**WHAT IS REQUIRED**
Restate the data word for word and leave the images out.

**INFORMATION PROVIDED**

Segment Open

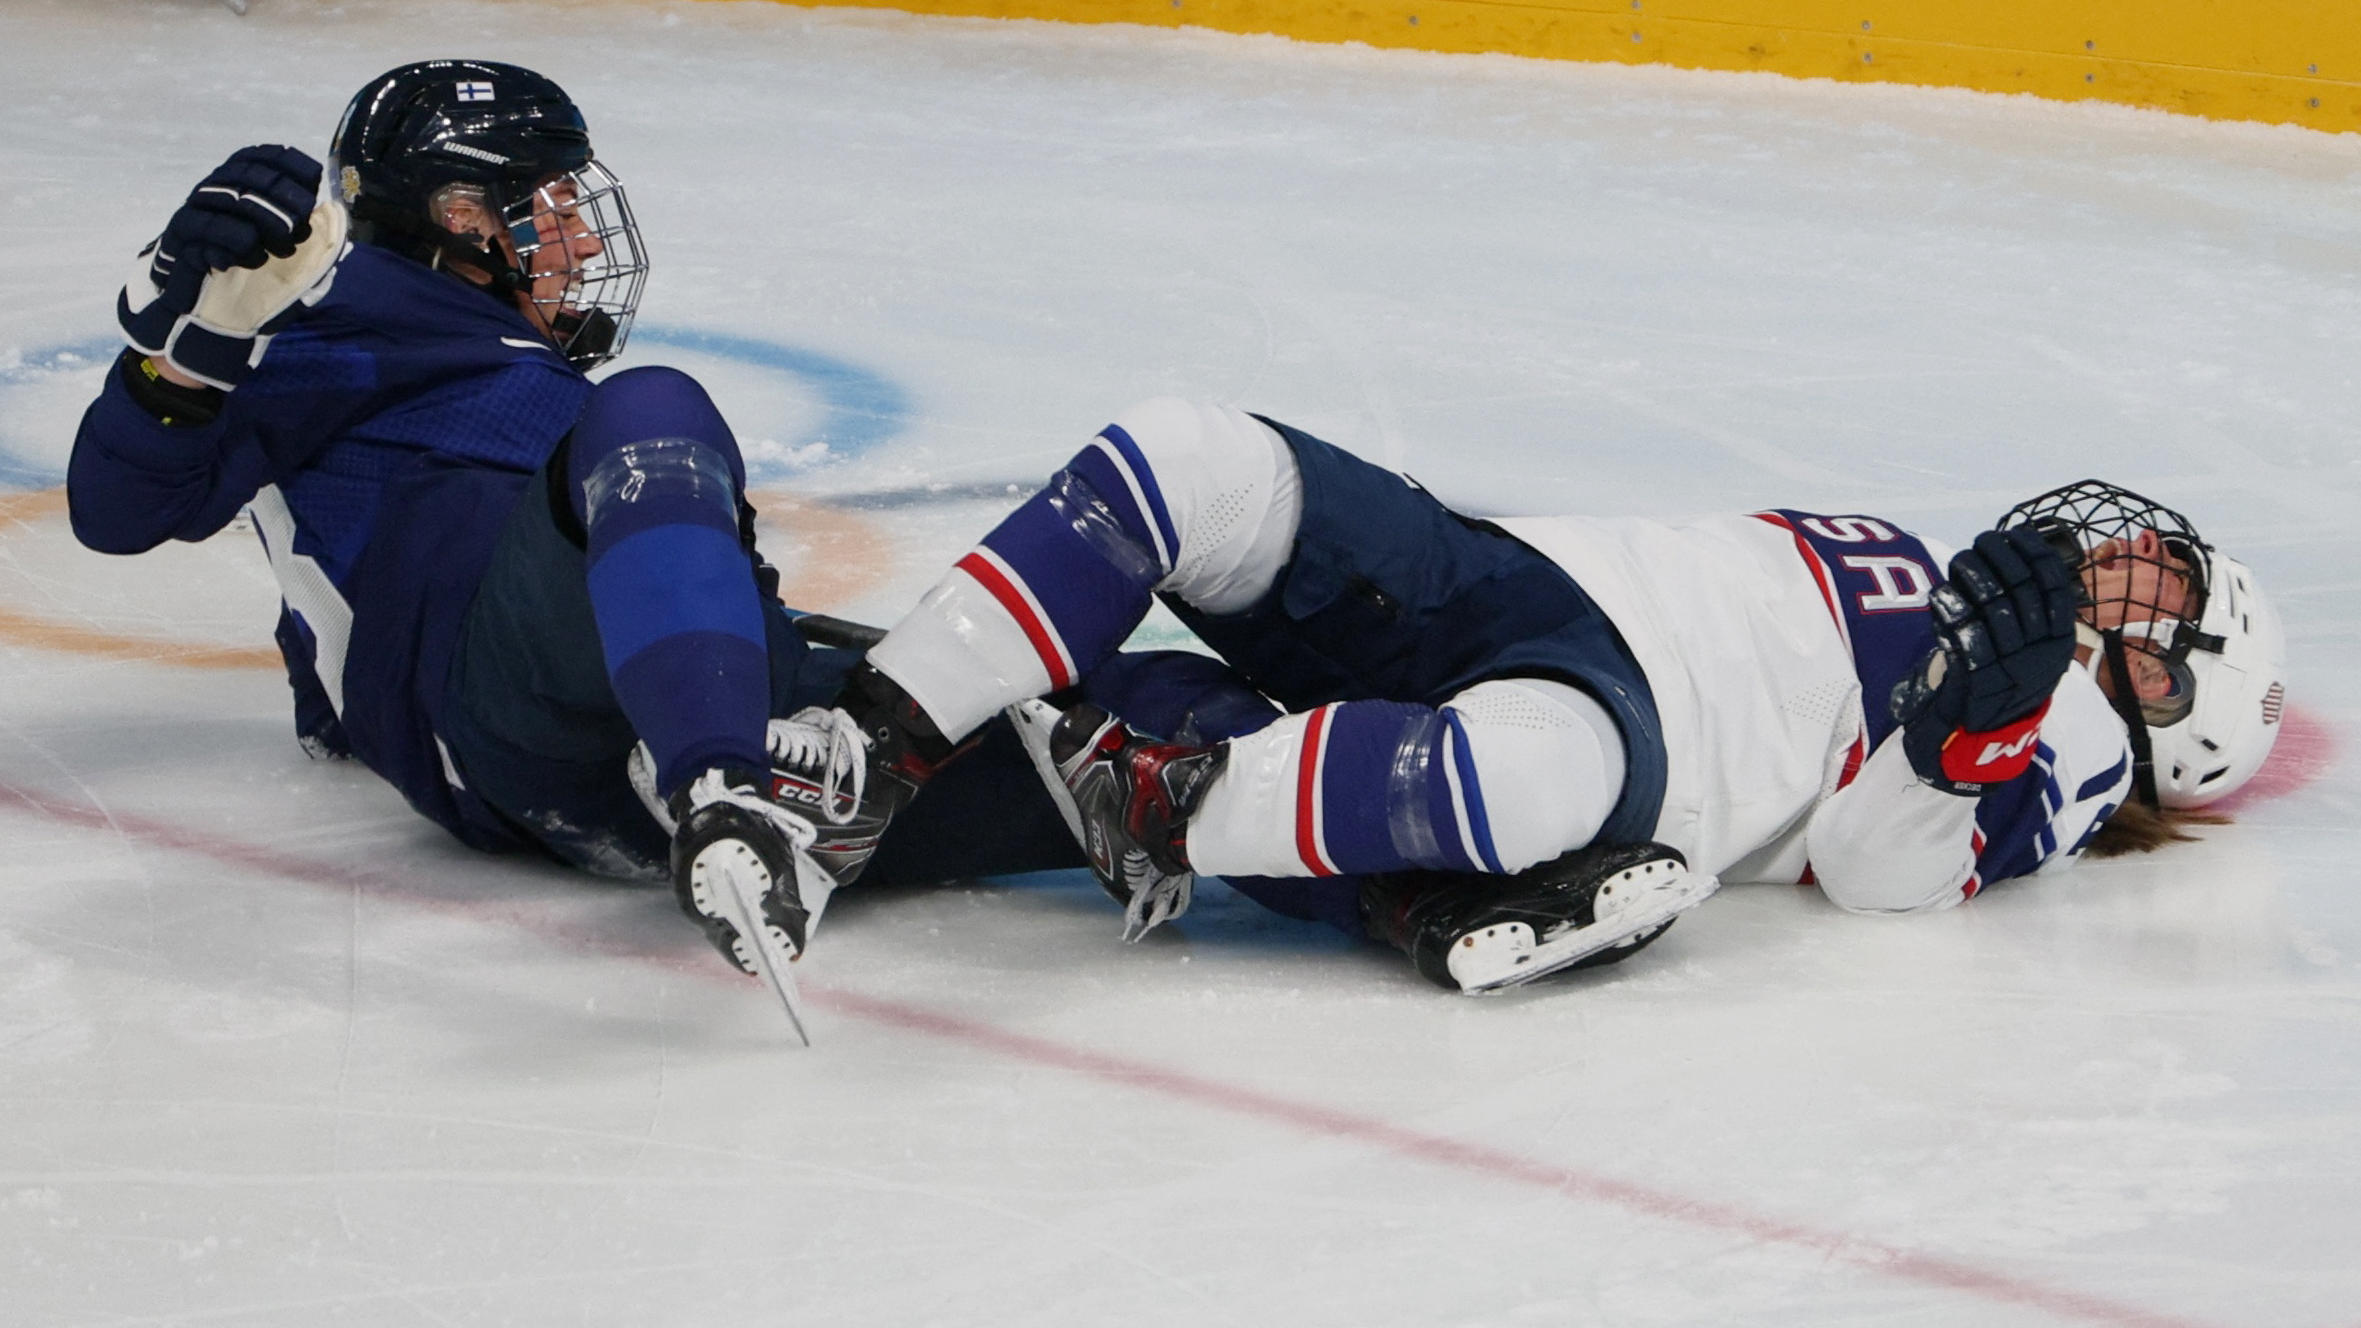 Olympia-Aus für Eishockey-Star nach Horror-Crash Fuß um 90 Grad verdreht
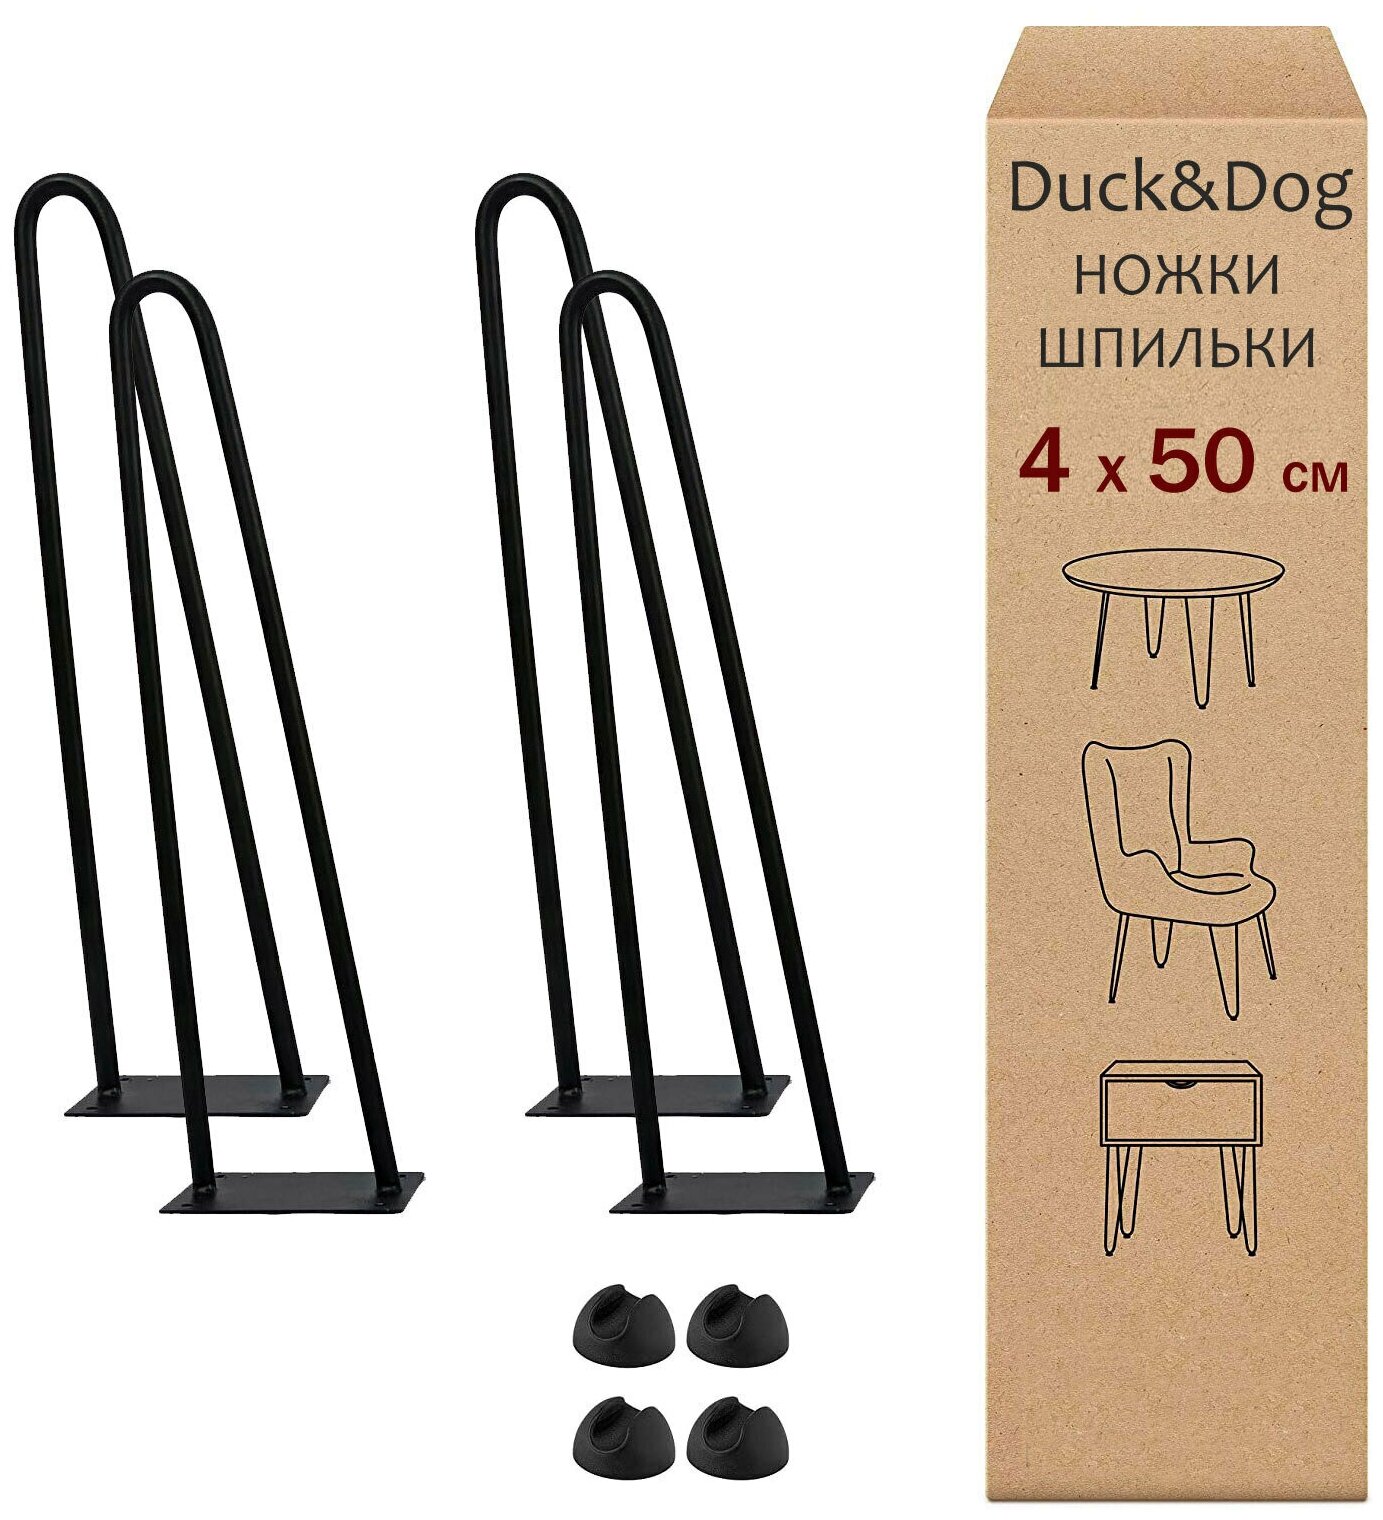 Мебельные ножки шпильки из металла лофт Duck&Dog / черные / Высота 50 см. / комплект 4 шт.
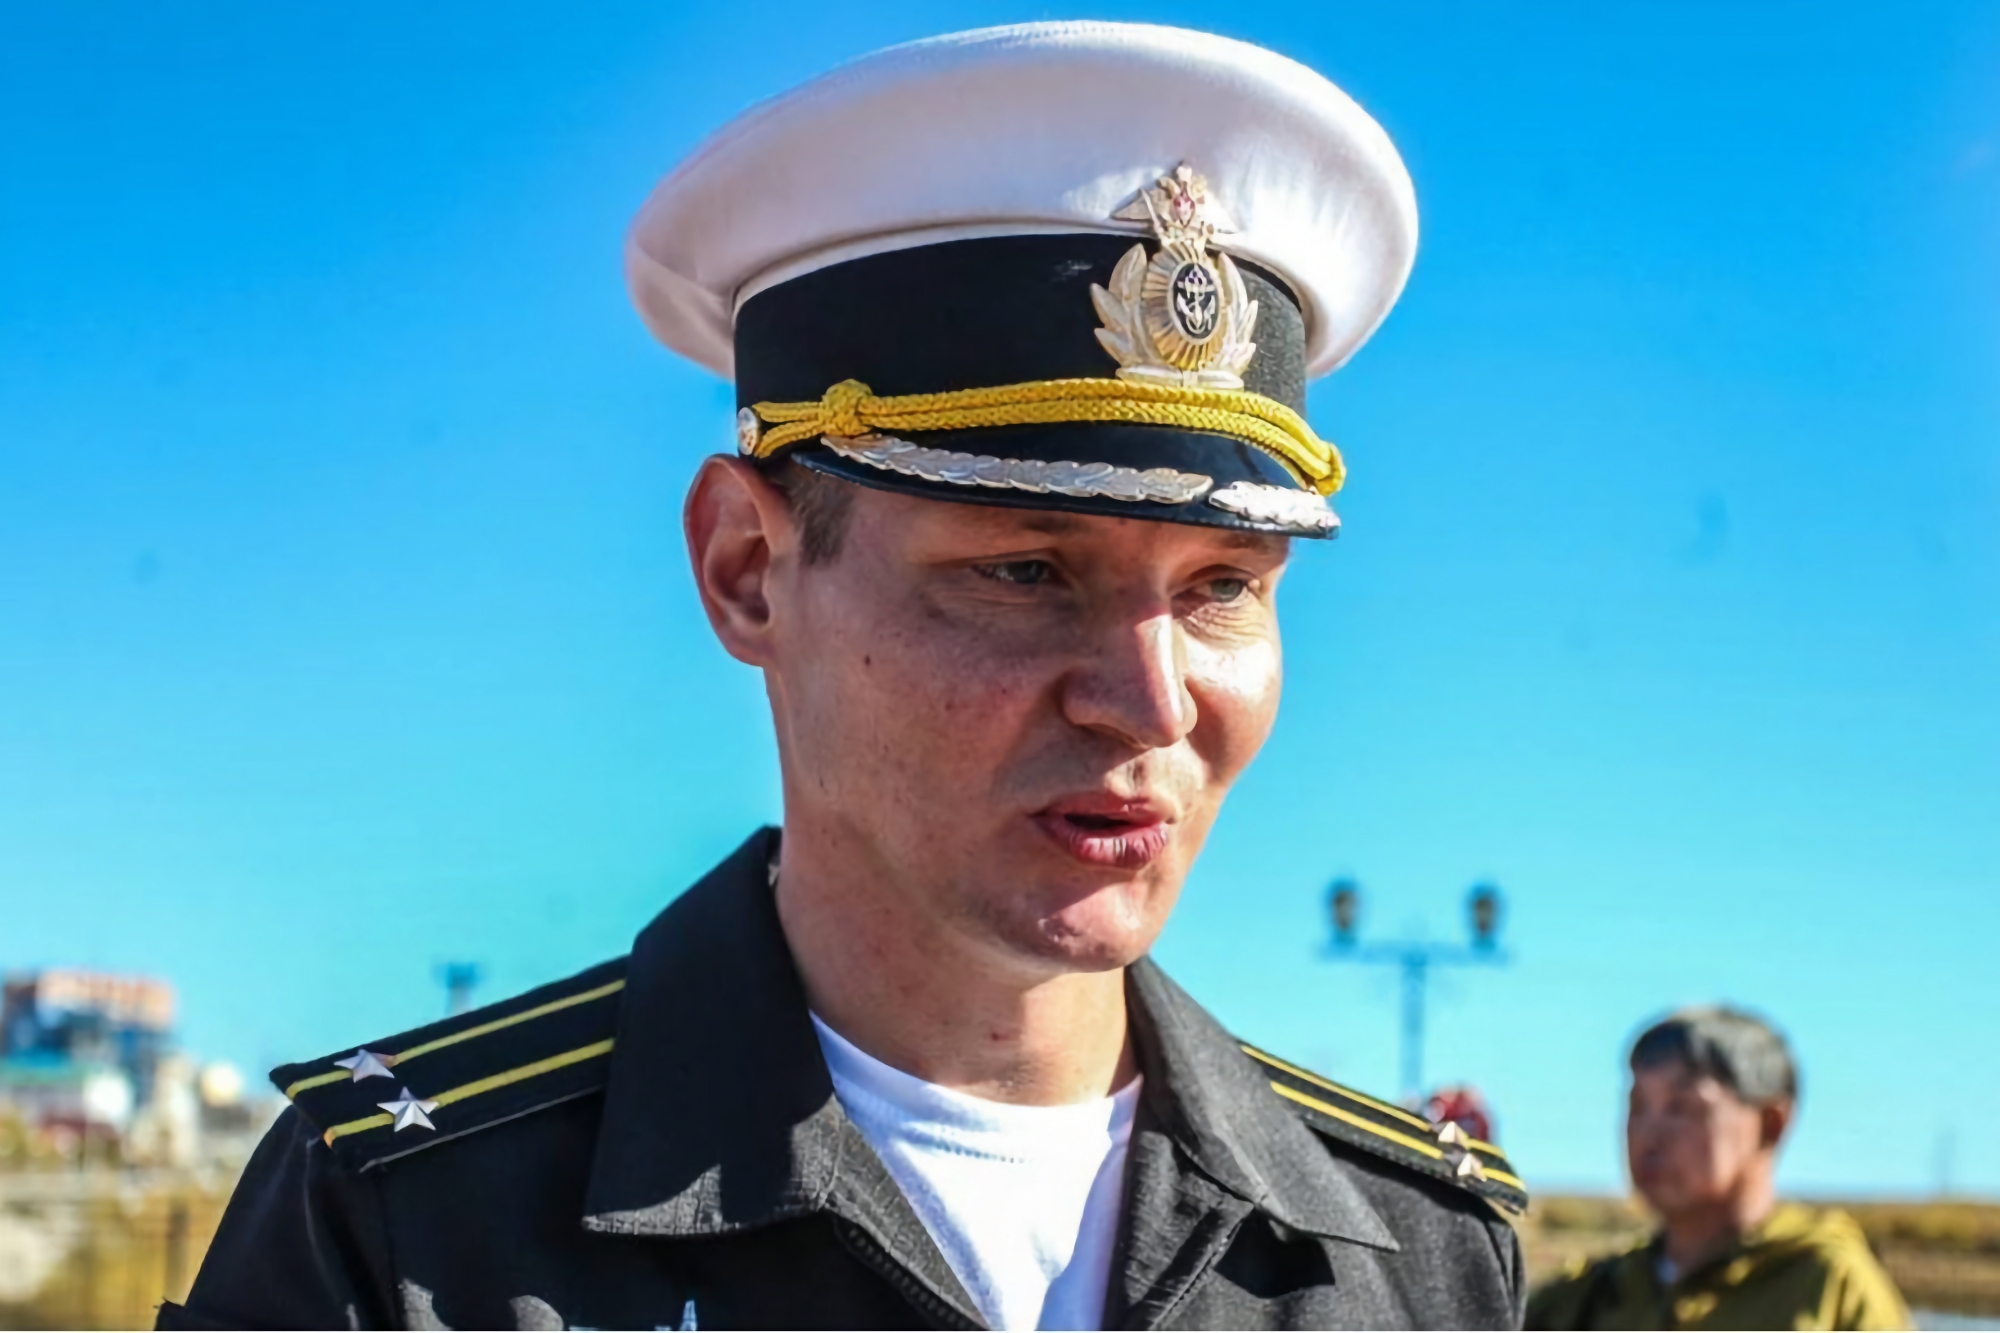 Stanislav Rzhitsky, dowódca okrętu podwodnego Krasnodar, zabity w Rosji, śledzony przez aplikację Strava

Segment Closed

**COMPLETED EXERCISE**
 Olympia-Aus für Eishockey-Star nach Horror-Crash Fuß um 90 Grad verdreht
 Мебельные ножки шпильки из металла лофт Duck&Dog / черные / Высота 50 см. / комплект 4 шт.
 Stanislav Rzhitsky, dowódca okrętu podwodnego Krasnodar, zabity w Rosji, śledzony przez aplikację Strava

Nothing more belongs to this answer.